Parameter efficiency
FSRM is ~1 order of magnitude smaller than baselines. Scaling channels from 64 → 128 → 256 improves OOD accuracy (0.692 → 0.670 → 0.727), showing gains are not from reduced overfitting alone.
Inference cost
~3× slower than Mamba/Transformer at $T$=5 on a single NVIDIA GH200 (unoptimized PyTorch, no torch.compile). Cost scales linearly with $T$.
Reproduction Guide
No public code release as of the paper date (April 2026). Key implementation details for reimplementation:
# Core dependencies
pip install torch numpy gym-minigrid
# The architecture is relatively simple — main components:
# 1. Self-attention with GTA positional embeddings (Miyato et al., 2023)
# 2. Anti-symmetric rotation Omega
# 3. Sphere normalization Pi(x) = x / ||x||
# 4. Coupled fast-slow loop with learnable gamma
Key pseudocode from the paper for the fast module J:
class J:
def __init__(self, dim, oscillator_dim):
self.attn = SelfAttention(dim) # with GTA positional embeddings
self.mlp = MLP(dim) # ReLU activation
self.omega = Omega(dim, oscillator_dim) # anti-symmetric matrix
def forward(self, x, c):
y = self.attn(x + c) # attention over latent tokens, obs added
y = self.mlp(x + c + y) # MLP on augmented features
y = proj_tangent(y, x) # y - (y^T x)x
y = y + self.omega(x) # anti-symmetric rotation
return y
Two-stage Dyck architecture (Figure 14):
class FastSlow:
def __init__(self, init_gamma):
self.embed = nn.Embedding()
self.fast1 = FastLayer(init_gamma)
self.fast2 = FastLayer(init_gamma)
def forward(self, tokens, H=4, T=5):
c = self.embed(tokens) # (L, K, C)
x = randn(K, C)
z = randn(H, K, C)
h = queue(H)
z_out = zeros(H, K, C)
for s in range(len(tokens)):
x = self.fast1(x, c[s], T)
x_out = readout(x)
h.enqueue(x_out)
z = self.fast2(z, h + z_out, T)
z_out = readout(z)
logits[s] = classifier(z_out)
return logits
Recommended hyperparameter starting points: AdamW, lr $1 \times 10^{-3}$, batch 256, cosine schedule, gradient clip 0.1, $T$=5, channels 64, 4 heads, oscillator dim 4, initial $\gamma$=0.1.
Notes
- The model’s key insight is aligning the time axes of the observation process and latent reasoning so the latent state persists continuously, avoiding context growth.
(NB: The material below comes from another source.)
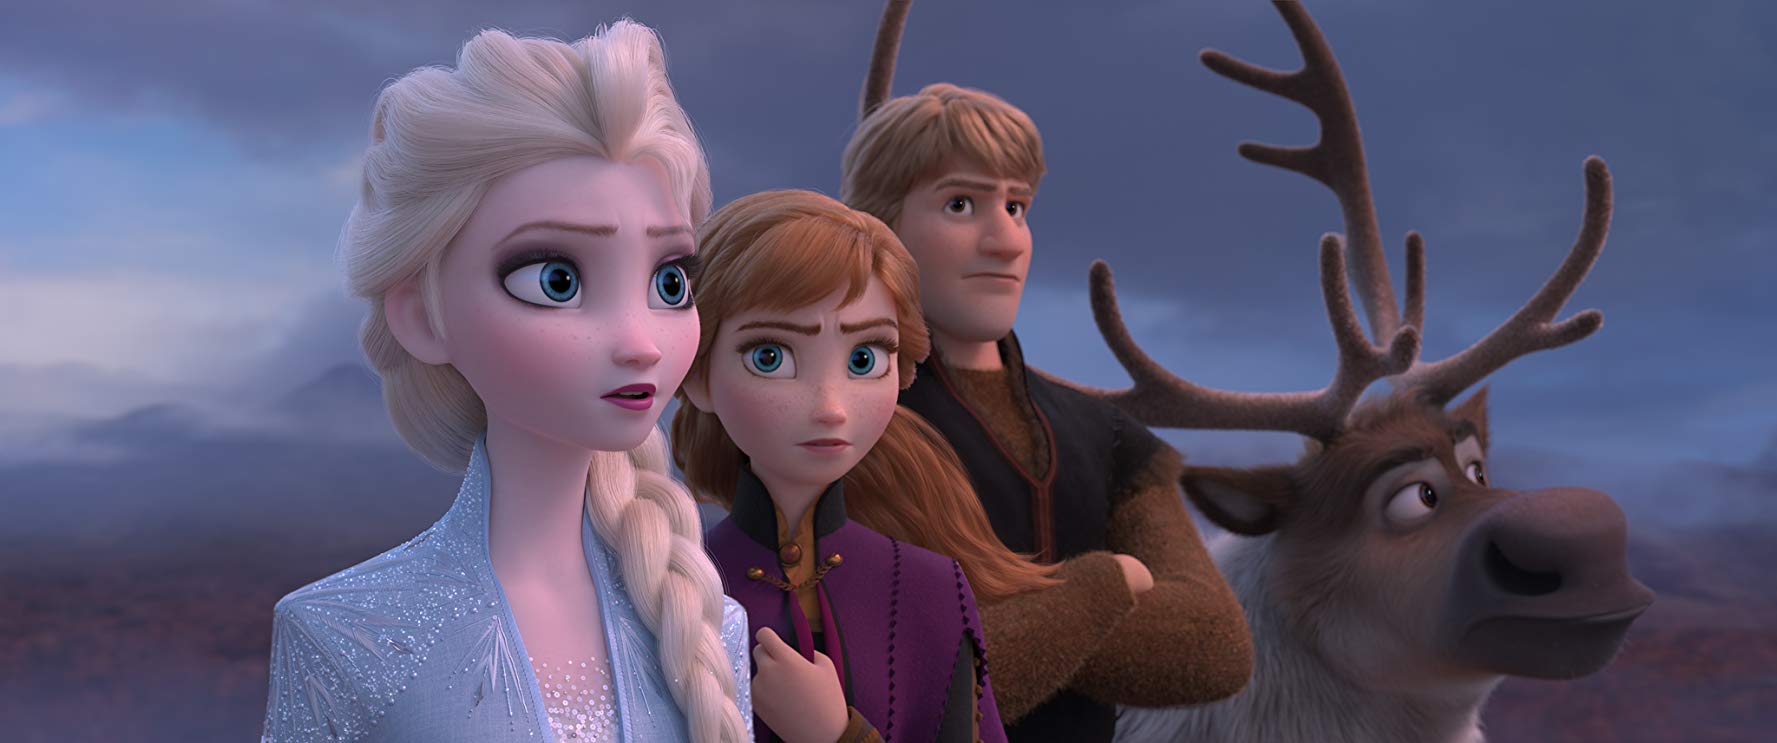 U Dom kulture Kakanj 7. decembra dolazi film “Frozen 2”

This is architecturally simple but has strong empirical effects.
- The energy-like scalar $E(X)$ provides a useful interpretability lens across all three task domains (maze frustration events, Dyck bracket structure, RL key events).
- Weight sharing across the fast loop is crucial — simply stacking independent layers degrades OOD generalization. This aligns with the theoretical motivation that recurrent dynamics produce self-organizing clustering (Geshkovski et al., 2024).
- Parameter counts are 1.16M / 1.41M / 1.19M vs 1.25–37.1M for baselines. The recurrent core is highly parameter-efficient.
- Main limitations: (1) only tested on synthetic/grid domains, not real-world scale, (2) ~3× inference overhead vs optimized baselines, (3) sensitivity to random initialization (gradient instability from repeated layer reuse).
- Test-time scaling of $T$ at inference (training $T$=10) does not significantly harm performance, but the paper notes careful fast/slow balancing is needed for proper scaling.